Silicon Valley with its historic startup and hardware-engineering business culture has specialized in the vanilla office and workplace building. For landlords, the better to usher in the next company when the last one outgrows your space, gets bought or quietly fails. And venture capitalists aren’t interested in financing fancy.

But that command for the fungible to keep demand broad and value up may be boomeranging. Evidence is rising among corporate behemoths and startups alike that office space may be less interchangeable than in the past.

“Traditional notions of flexibility supported multi-tenancy drivers for the developer, not flexibility for the end user,” said Peter Weingarten, director of Gensler’s Architecture Studio. “When you design strictly for efficiency, nooks and crannies get stripped away. People want space for work that is more informal, comfortable and supports mobility within the office.”

Gensler is designing the new Nvidia campus in Santa Clara, including core, shell and interior. The campus has caught developer and architect interest because of its huge floor plates—two floors of approximately 250,000 square feet each—situated within two enormous triangles.

In Cupertino, Apple Inc. is building its enormous circle on 176 acres—big enough to house more than 13,000 people—encased in glass. In Menlo Park, Facebook wants a rectangle with more than 433,000 square feet on one floor plate perched above 1,500 parking spaces and below a rooftop park.

“Although the end result looks iconic, I don’t think that is what is driving these projects,” Weingarten said. “There has been a fundamental shift in the realization that facilities do have a direct impact on how people interact and collaborate to innovate.”

Tech tenants are initiating the same workplace trends across U.S. markets and overseas, Weingarten said. John Kilroy of Kilroy Realty Inc. says the workplace preferences for sustainable, high-density, open environments among their youthful technology tenants are now showing up in the offices of lawyers’ and financiers, historically the most traditional companies.

The preoccupation with workspace, worker productivity and retention began in the dot-com cycle with Google Inc. and is now part of what even the smallest companies are thinking about, said David Bergeron, managing director for T3 Advisors, a Bay Area consulting, advisory and brokerage that works exclusively with technology companies from startup to mid-size.

“What is new this cycle is that it has become pervasive in the market and that it is a priority. The emotional connection to real estate can be powerful, and the VCs have noticed and are saying, ‘Think about your space out of the gate,’” he said. “You have got a lot of big tech companies doing it for a while and a lot of lessons learned are trickling down to early-stage companies. Young CEOs see that establishing a culture that makes people a priority gives you a better chance.”

“Some would say this isn’t happening, but the research says otherwise,” he said.

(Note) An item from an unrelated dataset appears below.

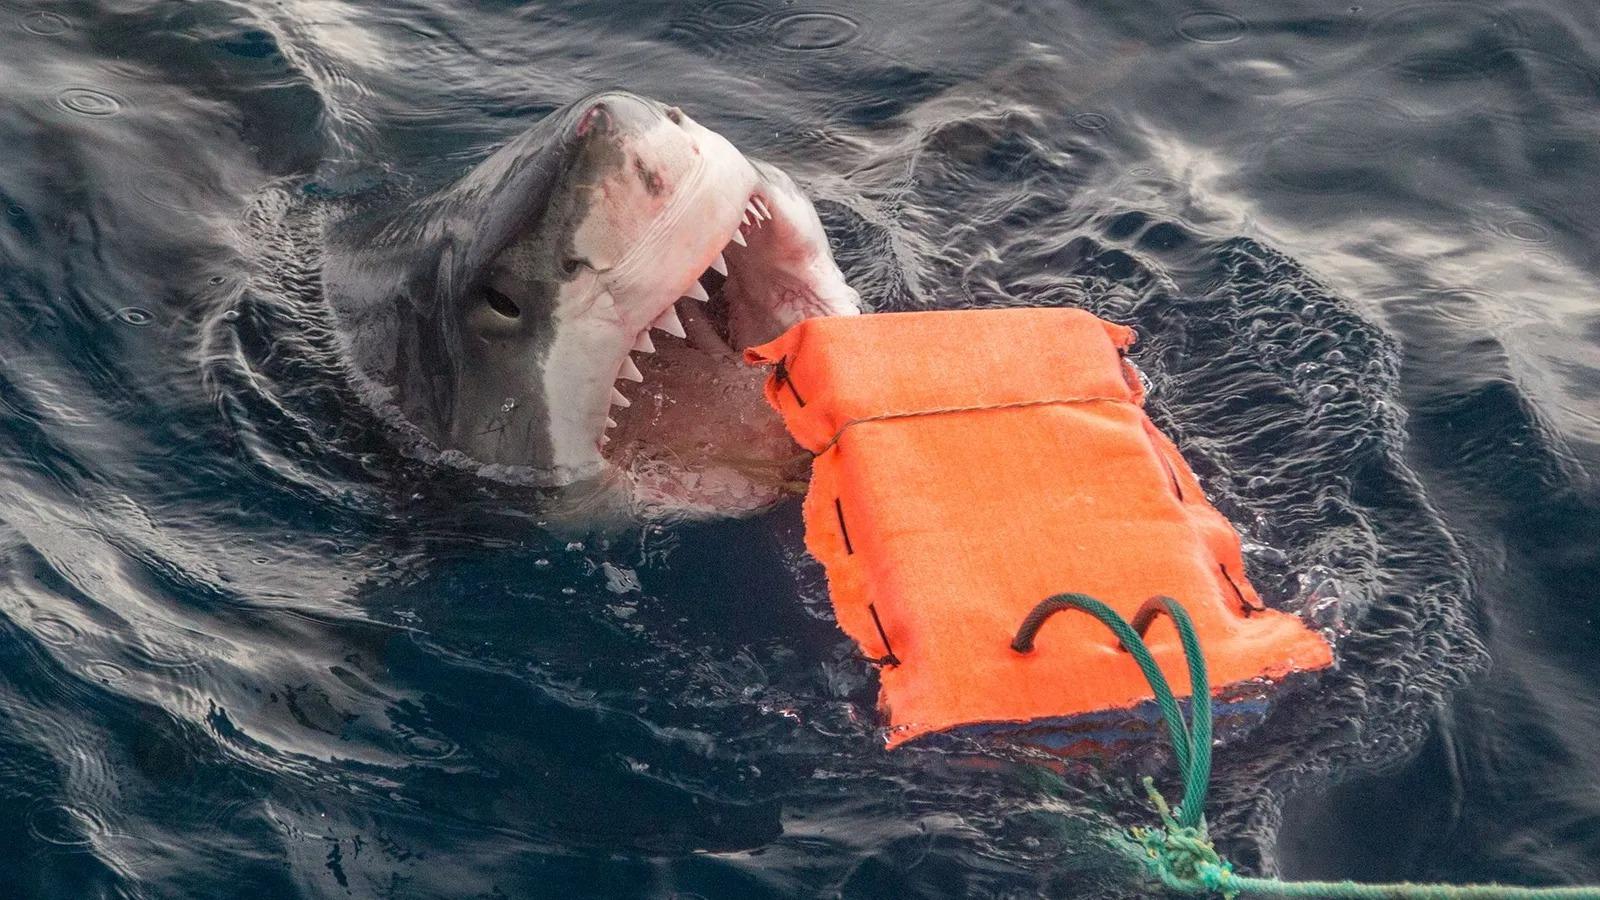 Tubarão atacando uma boia com seus dentes
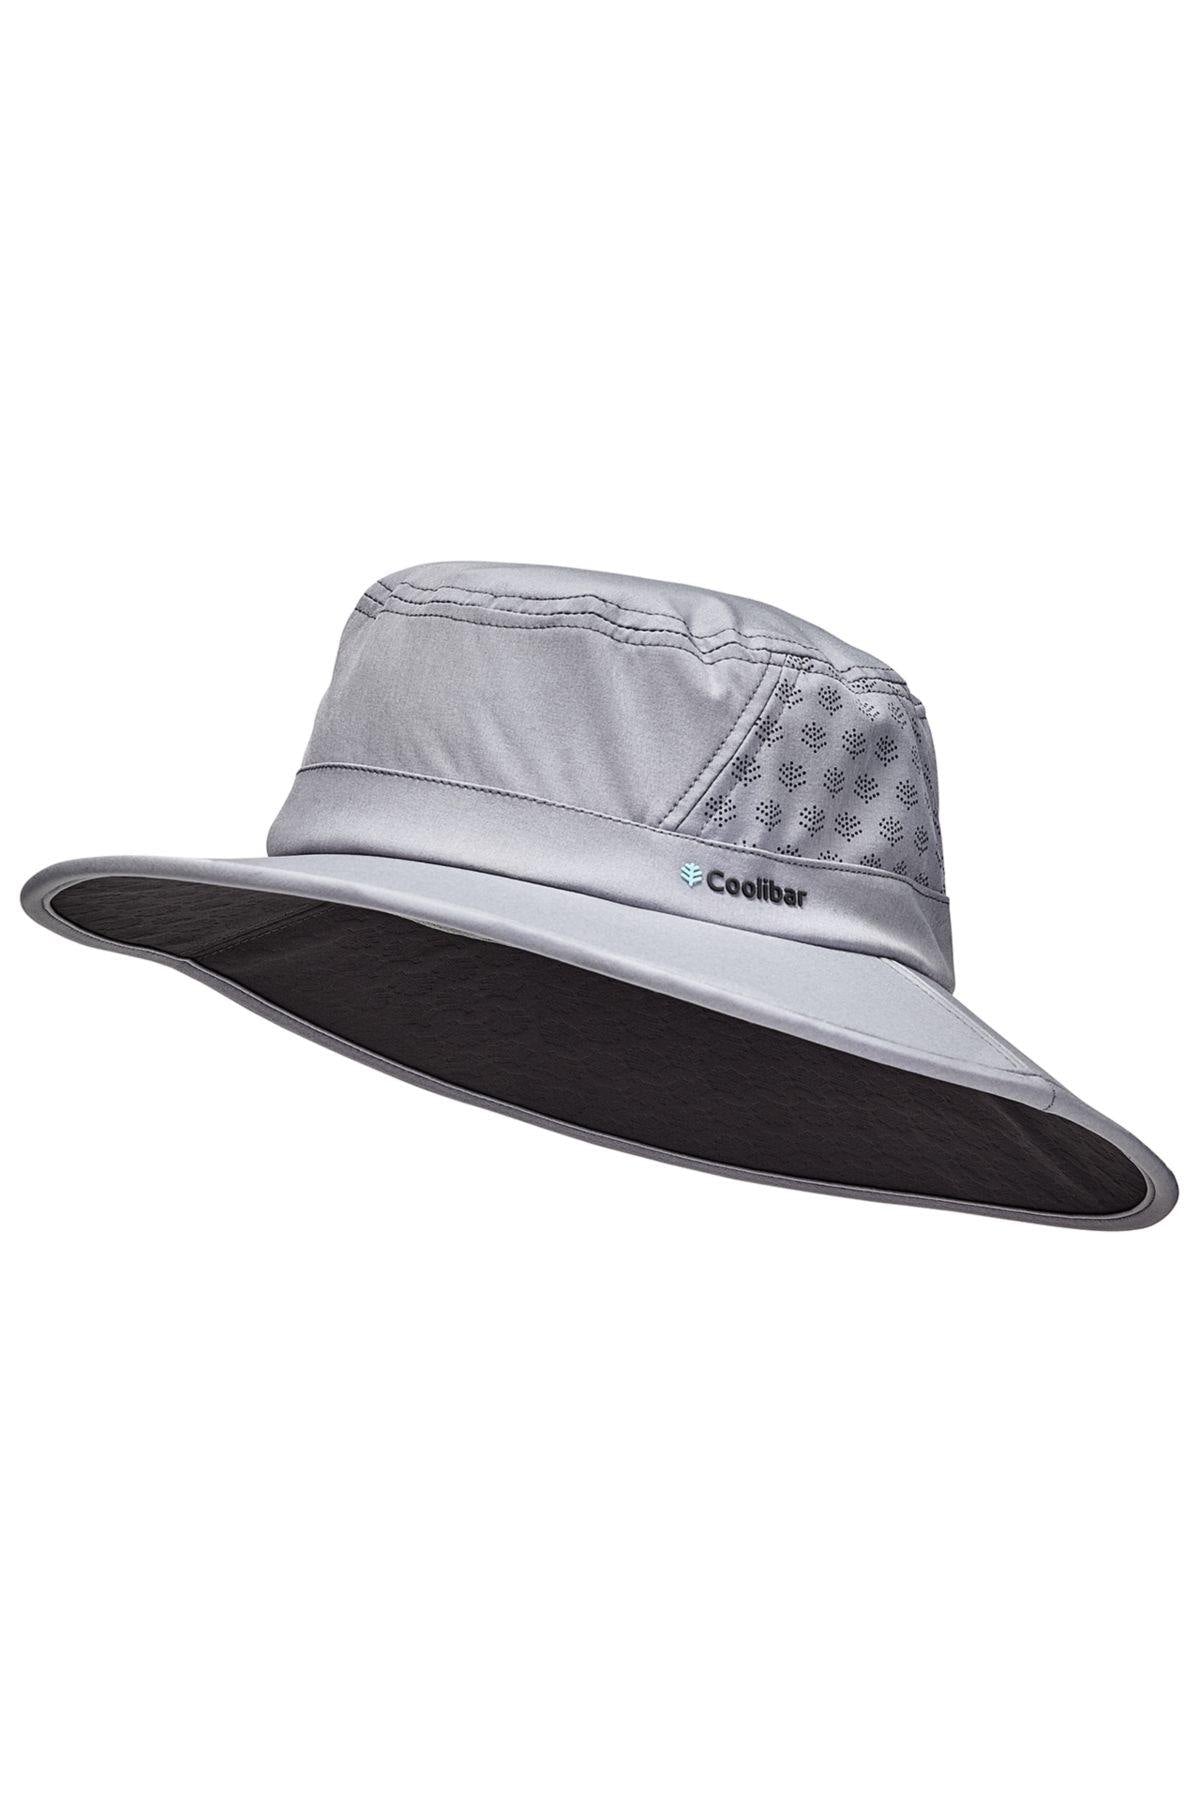 Chapeau de randonnée anti-UV pour homme (Couleur: Noir)

There is clearly logic to the way affairs have been arranged. Landlord Michael Covarrubias, chairman and chief executive of San Francisco’s TMG Partners, signed Zynga Inc. as a large tenant for 650 Townsend St. in San Francisco early in the boom. Zynga outfitted its space in the 670,000 square-foot building exotically, incorporating neon-type lighting, a wooden cabin and a Winnebago. TMG sold the building to Zynga in early 2012 after the gamemaker asked to lease more space and TMG declined. Zynga, now in tough times, paid $228 million in cash for the property.

Speaking at the recent Fisher Center conference in San Francisco, Covarrubias—a former banker—said underwriting real estate investment for technology company tenants is a special craft. “It leads to the question of the economics of these businesses. Uber is a system to undo the taxi system. AirBNB is trying to undo the hotel system. Destructive technology begets destructive technology. We bet on a trend, not on one company,” he said.

Phil Mahoney, probably the Silicon Valley’s most productive commercial real estate broker ever, told NAIOP Silicon Valley, the developers’ association, that landlords face demand as unpredictable as he has ever seen. From parking to bathroom ratios, to bench or not to bench, today’s companies are exploring new limits. “How people are using space is very fluid right now and very dependent on the user,” he said.